Tf.extract_image_patches in pytorch

ptrblck · April 28, 2019, 9:33pm

I’m not sure why the method is called extract_image_patches if you won’t get the patches, but apparently a view of [batch_size, height, width, channels*kernel_height*kernel_width].
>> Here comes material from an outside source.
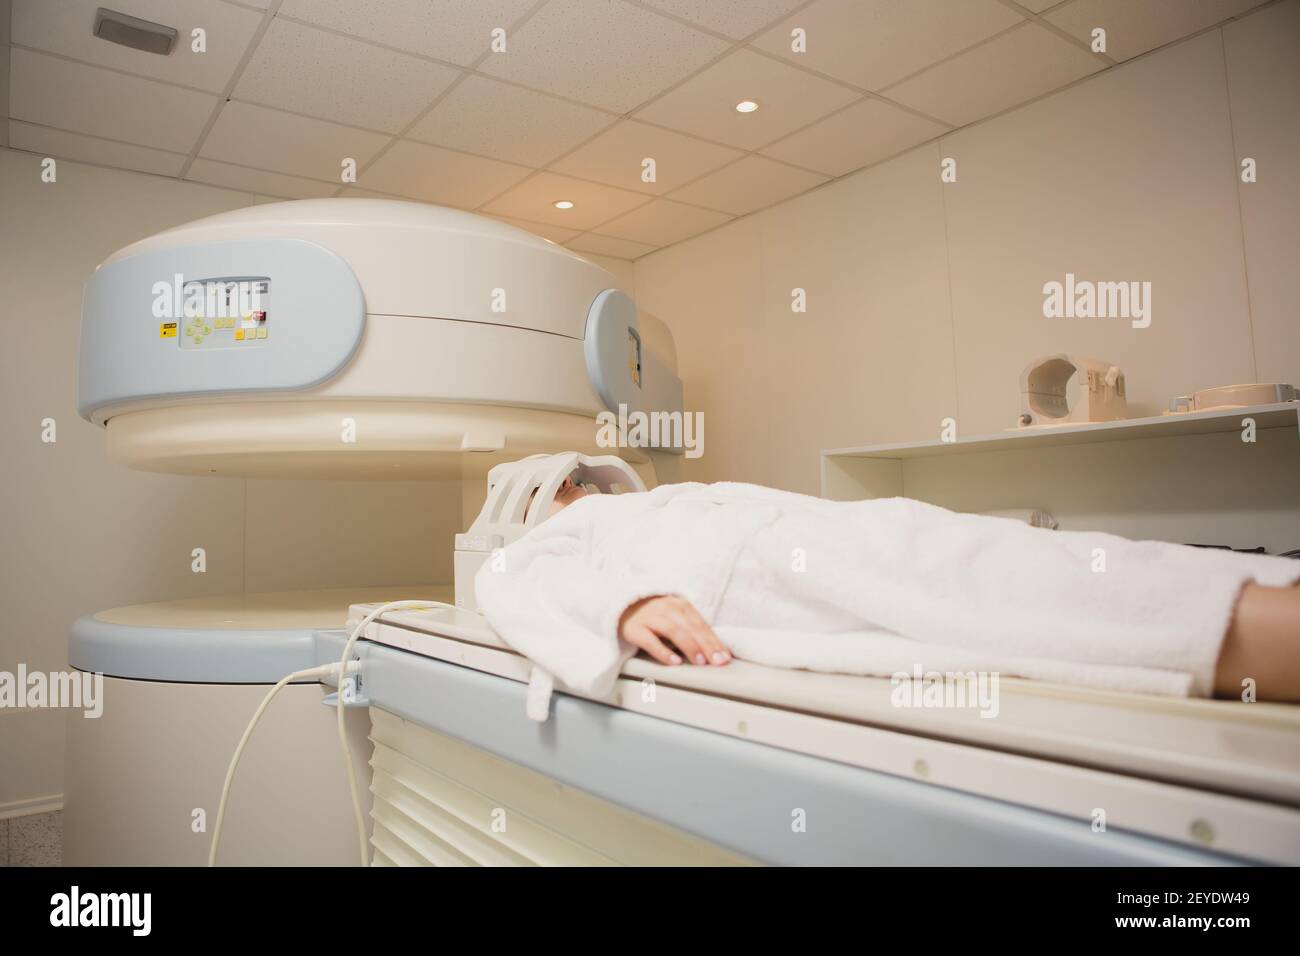 Paciente analizado y diagnosticado en una tomografía computerizada Foto de stock

However, this code should yield the same result in PyTorch:

import torch
import torch.nn.functional as F

batch_size = 128
channels = 16
height, width = 32, 32
x = torch.randn(batch_size, channels, height, width)

kh, kw = 3, 3
dh, dw = 1, 1

# Pad tensor to get the same output
x = F.pad(x, (1, 1, 1, 1))

# get all image windows of size (kh, kw) and stride (dh, dw)
patches = x.unfold(2, kh, dh).unfold(3, kw, dw)
print(patches.shape)  # [128, 16, 32, 32, 3, 3]
# Permute so that channels are next to patch dimension
patches = patches.permute(0, 2, 3, 1, 4, 5).contiguous()  # [128, 32, 32, 16, 3, 3]
# View as [batch_size, height, width, channels*kh*kw]
patches = patches.view(*patches.size()[:3], -1)
print(patches.shape)
> torch.Size([128, 32, 32, 144])

Note that in PyTorch the channel dimension is in dim1, so I changed your input shape to match the PyTorch conversion.